Tech
Starlink a changé l’internet mondial — voici à quel point c’est radical
6 000 satellites, 4 millions d’abonnés, WiFi en avion, infrastructure militaire en Ukraine : Starlink a silencieusement transformé l’internet mondial. L’état réel de la révolution de la connectivité spatiale et ses implications géopolitiques.
Quand SpaceX a lancé les premières constellations Starlink en 2019, les sceptiques pointaient les débits insuffisants, la latence élevée, et le prix prohibitif.

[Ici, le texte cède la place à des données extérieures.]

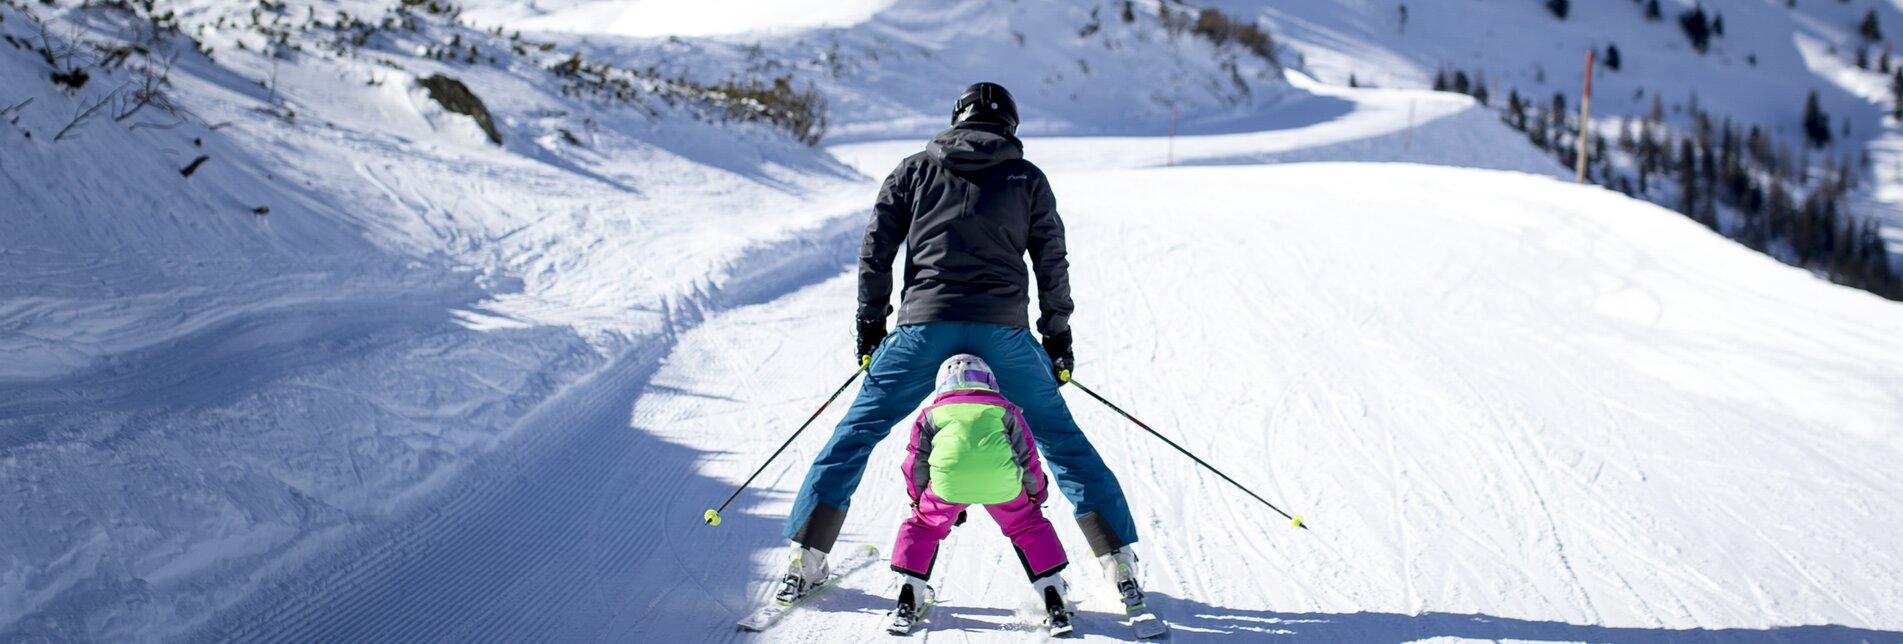 Skispaß mir der Familie - ob sich das ausgeht? :-) | © Steiermark Tourismus | Tom Lamm

Sept ans plus tard, Starlink compte plus de 6 000 satellites en orbite basse, dessert plus de 4 millions d’abonnés dans 100 pays, et a réellement changé la donne pour des millions de personnes qui vivaient dans des zones blanches de connectivité. Ce n’est plus un projet expérimental — c’est une infrastructure mondiale qui redéfinit l’accès à internet.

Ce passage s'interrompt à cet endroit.